While the chefs labour over their creations in the school's kitchens, vendors set up stalls on the lawns in front of COB for a day-long offering of typical Bahamian foods, including johnny cake, corn bread, conch fritters and barbecued chicken, all served up to music provided by Bahamian performers.

Secret ingredients
The main event, however, is the Mystery Basket competition, which typically begins at 6am. Each team of four chefs is presented with a basket of secret ingredients from which they must whip up a four-course dinner - hors d'ouvres, soup, main course and dessert. The meals are judged on taste, originality, presentation and nutrition.

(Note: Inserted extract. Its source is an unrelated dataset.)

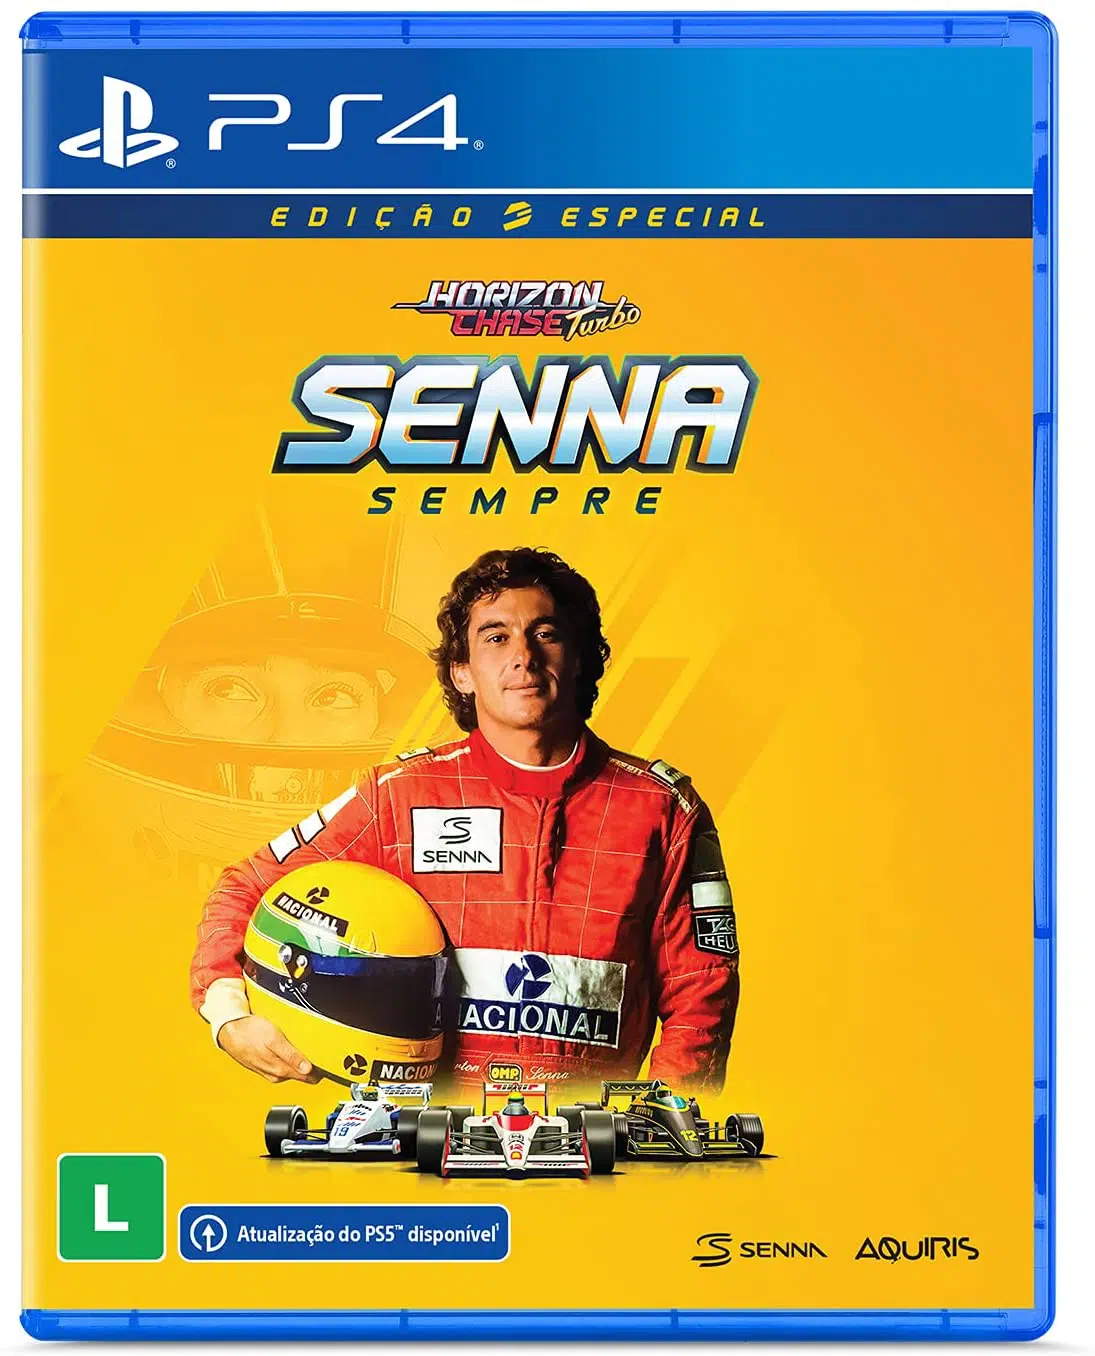 Imagem da capa da edição física de Horizon Chase Turbo Senna Sempre

Competition is vigorous - in September 2002, the teams vying for top honours represented several big hotels in Nassau and Paradise Island, as well as Freeport's Our Lucaya, along with a team of instructors from the School of Hospitality and Tourism Studies. Major hotels in the Classic were Atlantis, SuperClubs Breezes, Sandals Royal Bahamian, the Sheraton Grand Resort, Radisson Cable Beach and the British Colonial Hilton, which competed for the first time.

Judging them was a panel of four experts led by Roland Schaffer, senior chef for the HJ Heinz Corporation, an internationally recognized authority.

Winning is a big deal, bringing not only gifts, prizes and medals, but instant recognition, American Culinary Federation (ACF) certification, and the right to take part in ACF events.

In 2002, top honours went to the team from the School of Hospitality and Tourism Studies: chefs Emmanuel Gibson, Eldred Saunders, Sterling Thompson and Addiemae Farrington.
When he received his prizes, Saunders, head of the Food and Beverage Department at the School, told reporters that the use of indigenous foods and the level of competition was "awesome."

Farrington noted that many of her competitors last year were former students in her classes, who had gone on to take advanced training outside the country. Winning, she said, was evidence that "the instructors in The Bahamas are on par with those away."

She and her colleagues will be back in 2003, she promised, challenging top professional chefs across the land.